Remember, credit your sources.


Linky

----------


## Rick

When I was first married I reveled in going into the store to pick up feminine stuff. Would take the price off to force a price check. Then when everyone is looking at you proclaim, "That's right I'm pickin' up feminine stuff FOR MY WIFE. I'm manly and can do that. Aaar, AAar, Aaar, Aaaar."

----------


## 1stimestar

Actually they are not sterile.  They are clean, but not sterile.

----------


## hunter63

> Remember, credit your sources.
> 
> 
> Linky


Thank you.....
Cut and paste is a wonderful thing.....

Last time I bought some was for the female lab when she came into season....Oh wait those were Kotex pads,,,, extra large, w/wings.....young girl helped me pick them out.....

----------


## LowKey

The French word was tampion.

I don't think the cordage is cotton. It's non-absorbent.

There are always a few in the glove box of the car, along with a couple of the pads. Former girlfriend convinced me they were good for medical emergencies and handy to have around other times "just in case."

You guys are brave buying those things. If they get put on the grocery list here, they have to include the cover off the box. Gawd forbid you bring the wrong thing home. Yikes! Not a good time to be pissing someone off.

----------


## hunter63

> ................You guys are brave buying those things. If they get put on the grocery list here, they have to include the cover off the box. Gawd forbid you bring the wrong thing home. Yikes! Not a good time to be pissing someone off.


That is a wise statement, and sounds like experience......

----------


## LowKey

Self preservation. Another form of survival.

----------


## JPGreco

Um, don't pads have an adhesive edge?  Like a huge bandaid?  I swore those were what were stuck to the goal posts back in HS during soccer practice...

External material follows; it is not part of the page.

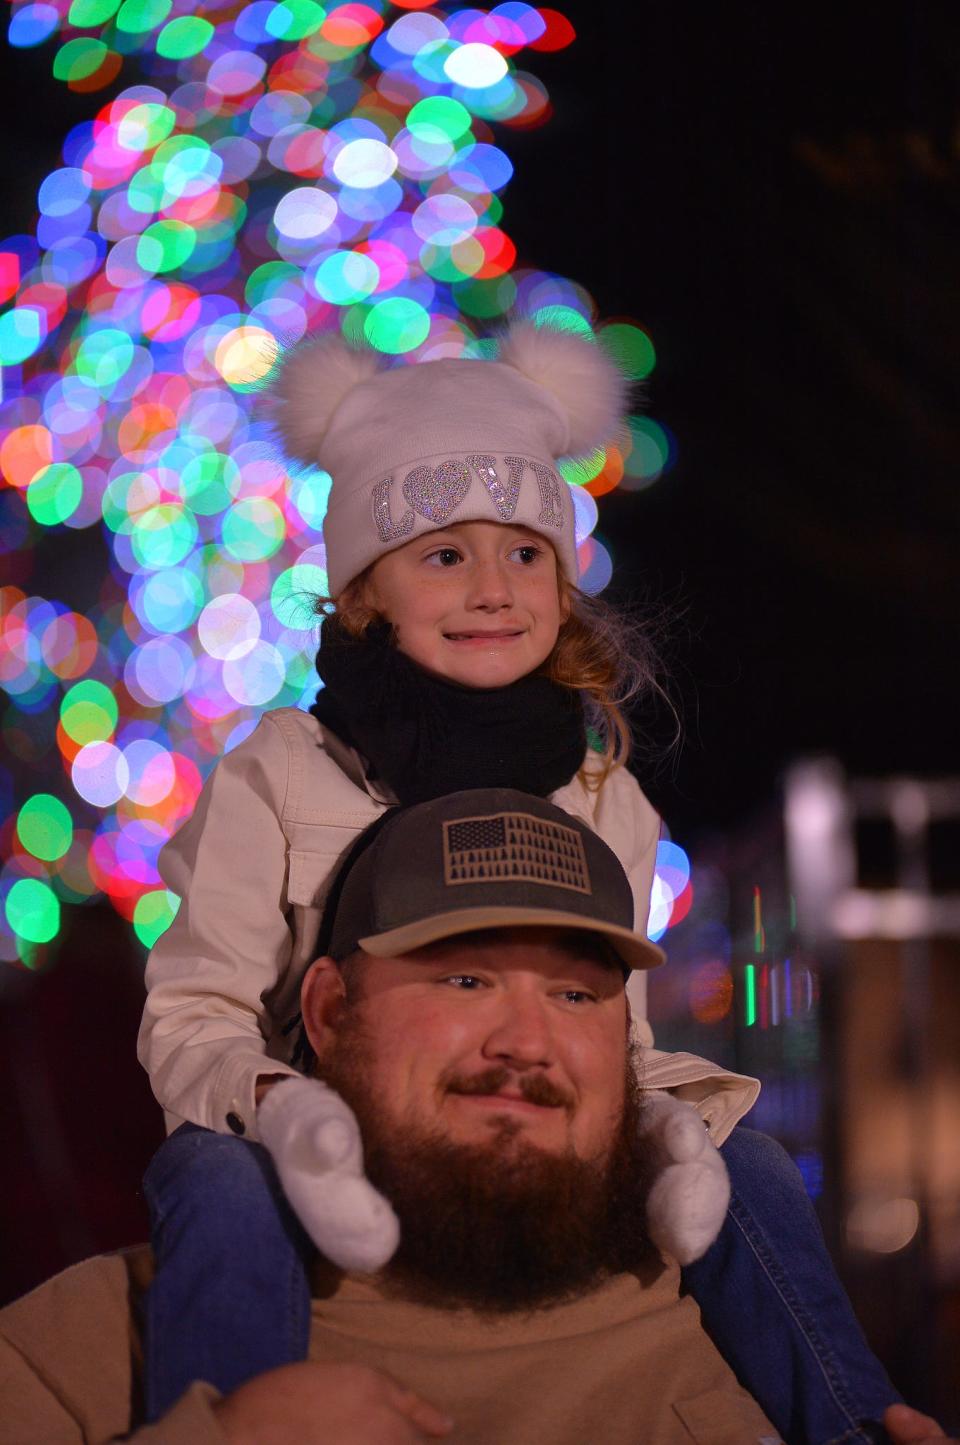 Dickens of a Christmas, Ferris Wheel and more festive Spartanburg

Anyways.  I think you would be better suited buying gauze or cotton en mass.  Whatever a tampon can do, so can the other products.  That and gauze is sterile.  Granted if the SHTF and I was scavenging somewhere I wouldn't ignore them.  It would depend on the situation.

----------


## GiLLiGaNN

Ive noticed a few folks think I was trying to say I wrote this.... I didnt. Merely forgot to post my sources. I apologize. Hope this helps you sleep better. lol

http://artofmanliness.com/2012/06/05/survival-tampon/

----------


## gyspy975

On a cross-country motorcycle trip one of the guys had a minor accident and his gas tank started leaking.Sure glad we had tampons with us.

----------


## Rick

In that situation it's called a fuse.

----------


## DavidSurvival

Are there other feminine products that have such diversity such as the tampon (ie eye makeup, perfume, etc. etc).  Would like to know, I am trying to put together a bug out bag related just for women now

thanks!

----------


## Rick

My advice...ask the woman. Generics for guys is one thing. Generics for women....not so much.

----------


## Winnie

Now, maybe I'm having one of Dolly moments, but isn't the whole point of being prepared to have the right equipment so you don't have to resort to putting your faith and possibly life in a piece of cotton wool with some string? Just sayin'

----------


## Rick

Well, I think if you are putting a BOB together for women then feminine needs have to be considered and accommodated. Since this is an area of comfort it's probably best if he have input from the woman involved rather than just grabbing something off the shelf and throwing it in a bag. Life would be bad enough in a bug out situation without having a woman upset at you for not seeking her input on something so personal. And reminding you over and over and over and.........

----------


## Winnie

Well, maybe I am a Dolly, then. I thought feminine comfort was automatically a part of any BOB put together with a lady in the family, along with all the other stuff so you don't have to steal the Mrs' feminine products to use as a dart fletch/ cordage/ fire tinder/ water filter and the rest because that put you in a survival situation you may not survive. Hey ho.

----------


## hunter63

Most guys aren't that attentive, or so it would seem.....
If there is any doubt.....ask!
....
"Honey, hand me a tampon I bleeding to death.....!"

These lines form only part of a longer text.